Le 8 mars, c’était la journée de la femme. Et donc vu que je suis une fille, c’était un peu ma journée quoi. Il fallait vite que j’en profite : une petite séance d’épilation, une panoplie de réductions sur mes cosmétiques préférés… c’est génial ! J’allais enfin pouvoir appliquer à la lettre les conseils beauté de mon magazine féminin acheté la semaine dernière ! Mais attends… C’est une journée pour lutter internationalement pour les droits des femmes, à la base, non ? Et en fait, on veut me faire acheter des trucs pour que je rentre dans les stéréotypes féminins ? Je me fais un peu avoir là, non ? Merci la presse féminine, et surtout, la publicité qui la finance…
Au départ pourtant, ce n’était pas du tout ça.

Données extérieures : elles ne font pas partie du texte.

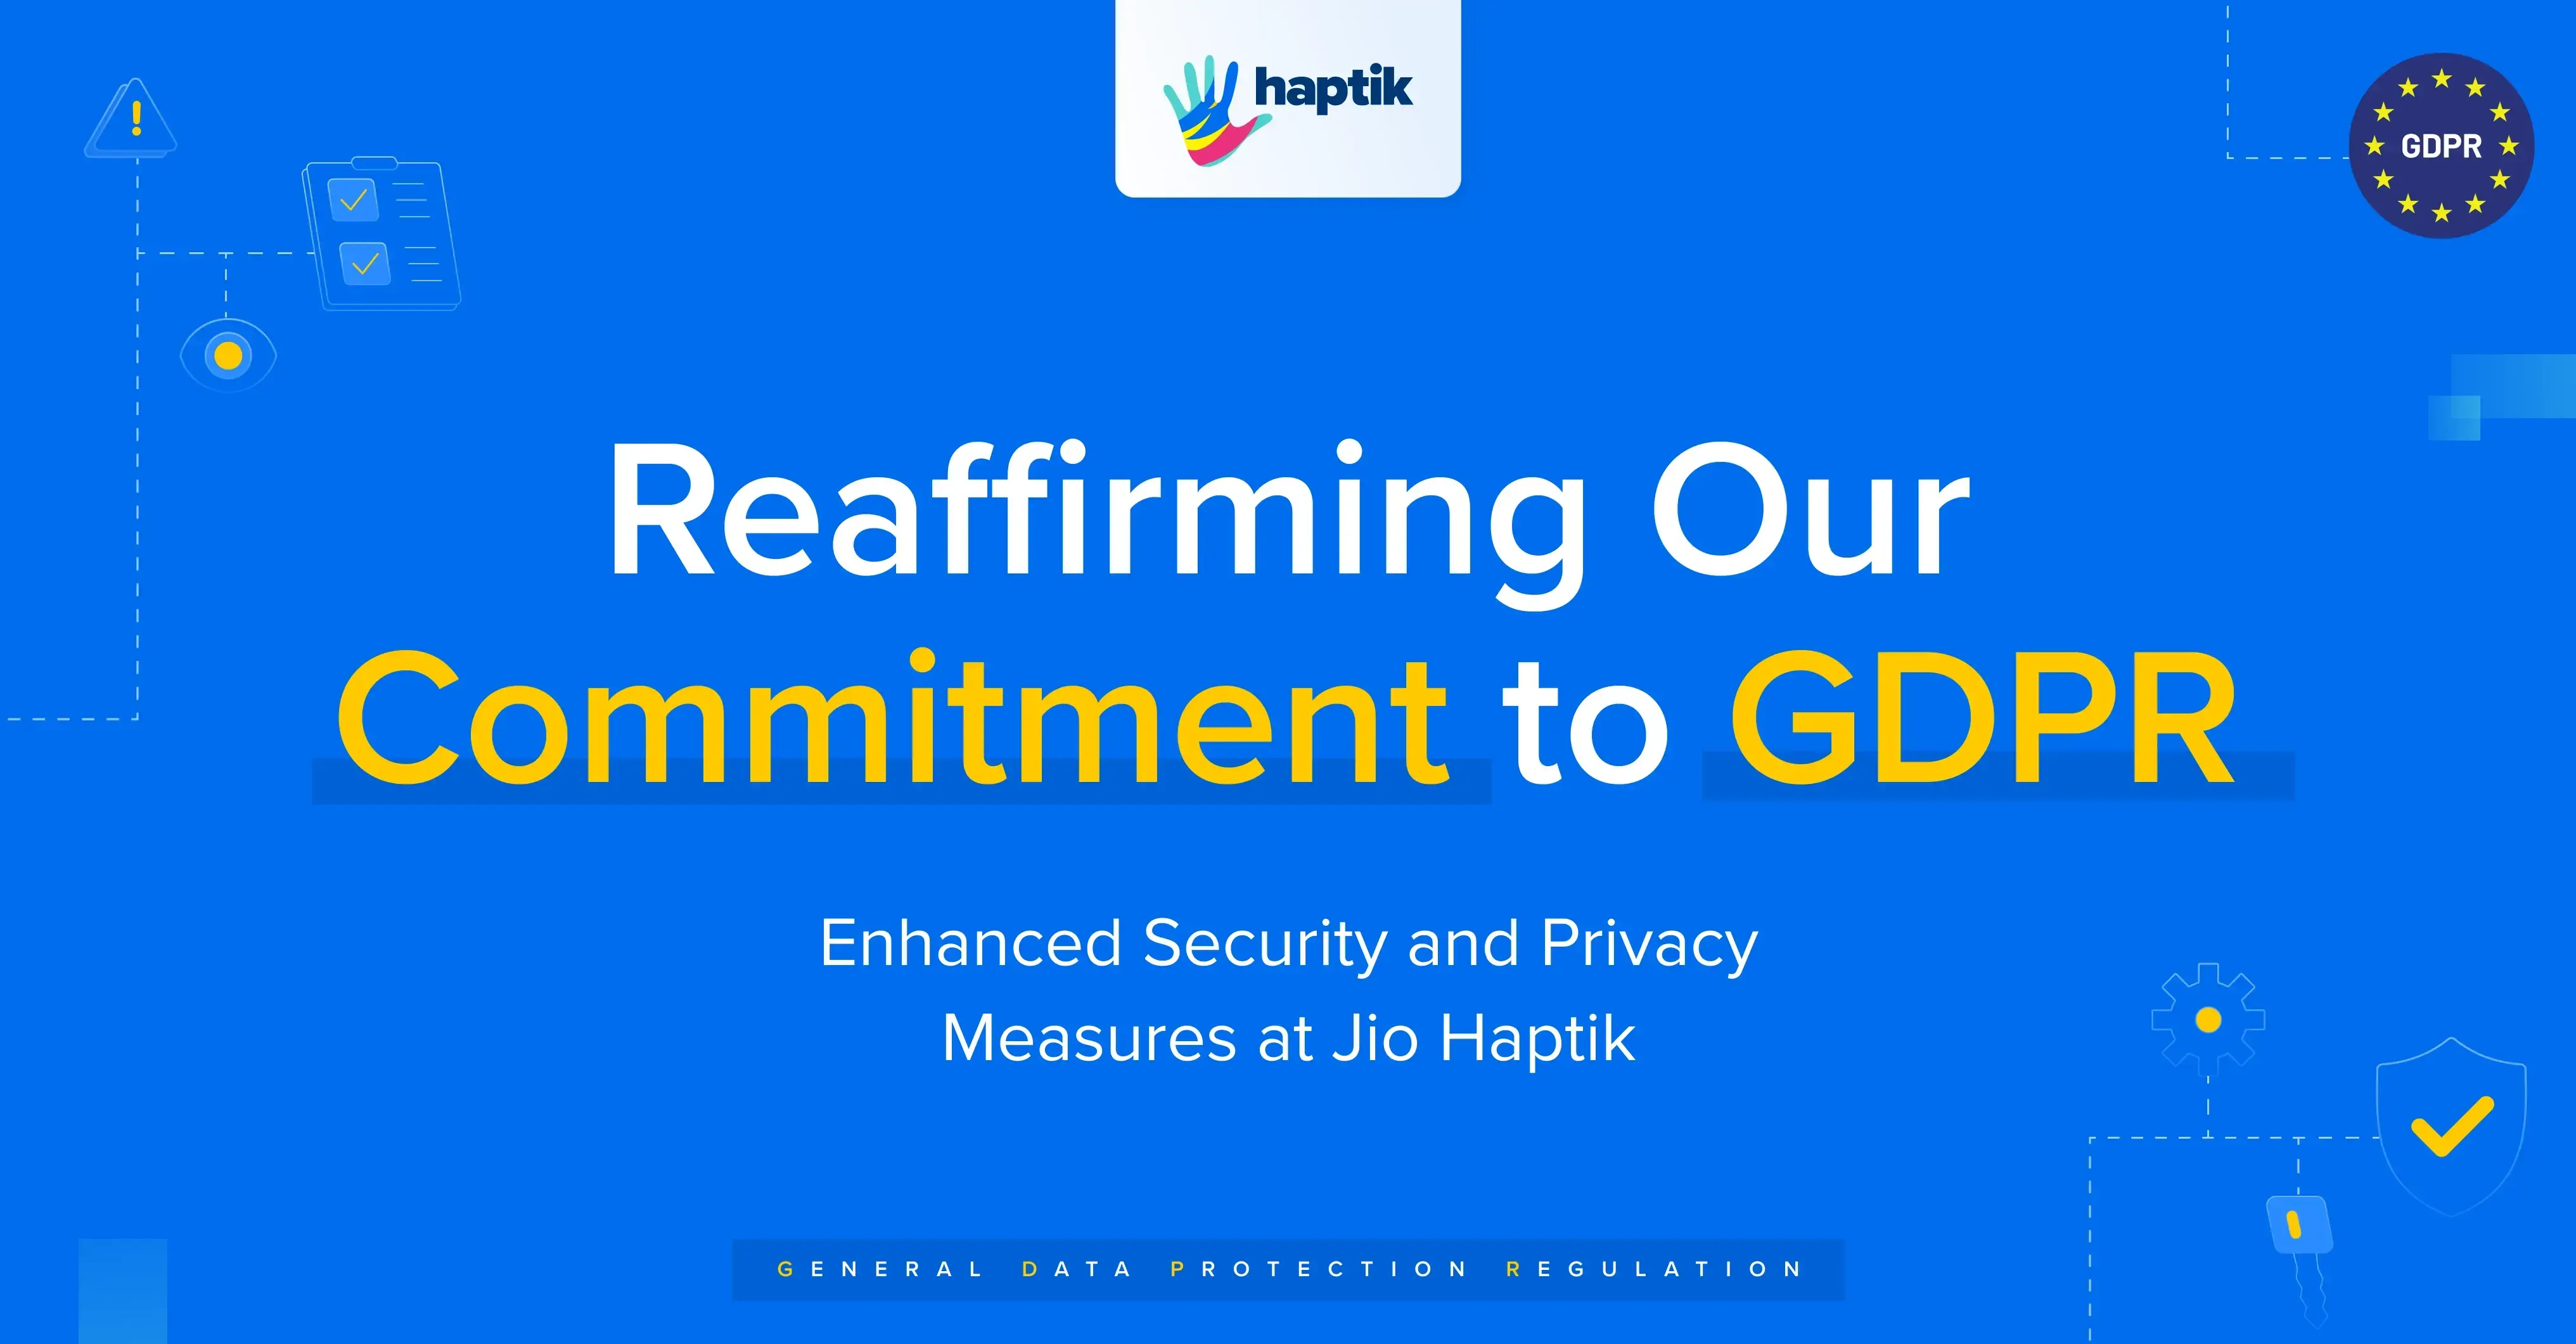 Reaffirming Our Commitment to GDPR: Enhanced Security and Privacy Measures at Jio Haptik

En France cette presse commence à se développer à la fin du 19ème siècle, notamment avec l’emblématique journal La Fronde. On pouvait y trouver des revendications féministes, des chroniques historiques, des pages boursières et des grands reportages. Il inaugurait le journalisme moderne au féminin. Plus tard, Elle et Marie-Claire seront les étendards de la lutte pour l’émancipation de la femme.
Mais alors comment se fait-il que ces mêmes magazines se retrouvent aujourd’hui vidés de tout esprit féministe ? Parce que moi personnellement, quand je vais au rayon « féminin » dans un kiosque, j’ai plutôt l’impression qu’on veut me conditionner à être une bonne consommatrice de crème de jour et non qu’on cherche à m’apprendre des choses intéressantes sur l’avenir de la condition féminine. A l’exception de Causette, MademoiZelle, ou encore de Paulette qui proposent quelque chose de différent, on peut se demander si ces magazines considèrent que le combat féministe est terminé. Est-ce que la femme libérée de 2015 n’en a vraiment que faire de parler des différences de salaire avec les hommes ou du harcèlement de rue et préfère consulter ses 20 conseils régime bikini ? Cette femme libérée, et soit dit en passant toujours jeune, mince, blanche et hétéro, n’est pas à l’image de la Française d’aujourd’hui. Impossible de se reconnaître chez cette fille là, qui nous rappelle qu’on est jamais assez bien.
Partant de cette idée, j’ai voulu me demander quel était le rapport des femmes avec la presse féminine de l’autre côté de la Méditerranée. Déjà, si on prend le point de vue des femmes maghrébines de France, il y a bien sûr Gazelle, qui est désormais diffusé en Belgique, en Suisse, au Quebec, au Maroc et en Algérie. Là on a à faire à un magazine plutôt riche qui s’adresse aux femmes de culture musulmane, avec autant de contenu sur des thèmes d’actualité et de société, que de pages beauté et mode, le tout entrecoupé par des publicités pour des robes orientales. Savant mélange de tradition et de modernité, de légèreté et de sujets sérieux, avec une rubrique « amour et mariage », des astuces « SOS mes cheveux manquent de volume » ou des articles sur la cuisine halal, le magazine aborde aussi des thèmes actuels : la religion avec « musulmans et laïc » ou « comment gagner sa vie en étant voilée », la politique « la gauche couscous, au pays du couscous », et même la question du genre « ma fille est un garçon manqué ». Une façon de parler aux femmes qui sont de double-culture qui aiment les belles robes, et qui ont aussi un cerveau.
Comme en France à l’origine, au Maghreb cette presse était faite par des femmes et pour des femmes. Le mensuel marocain 8 Mars, lancé en 1983, a non seulement été bénéfique à l’évolution de la presse marocaine, mais a aussi permis de poser la question de la femme sur un plan politique et a servi de point de départ pour de nombreuses organisations féminines.
Mais depuis les années 90, l’essor de la presse féminine au Maghreb a subi l’influence des magazines occidentaux, pour le meilleur et pour le pire. Ces magazines ont permis d’offrir un espace d’expression aux femmes, et d’accompagner les mouvements féministes. Par exemple, aujourd’hui on a un magazine comme Femme du Maroc, qui se défini comme féminin et militant. Ou encore Dzeriet, un mensuel au ton un peu plus léger que toutes les Algériennes connaissent. Cette presse propose de plus en plus de contenus en arabe, et se modernise en s’adressant à un plus grand nombre de femmes. Elle connait un succès grandissant auprès des femmes arabophones et francophones, majoritairement actives et instruites. Seulement, l’accumulation des pages modes et beautés inspirées de la société de consommation occidentale renvoie à l’image d’une femme qui ne correspond pas à ses lectrices. Il y a donc un risque que ces magazines soient soumis à une certaine « norme », la même que celle qui régie la majorité des versions française, et donc, que loin d’aider les femmes à s’émanciper, ils les enferment dans des stéréotypes de la «femme moderne », qui en fait, n’est pas vraiment libre.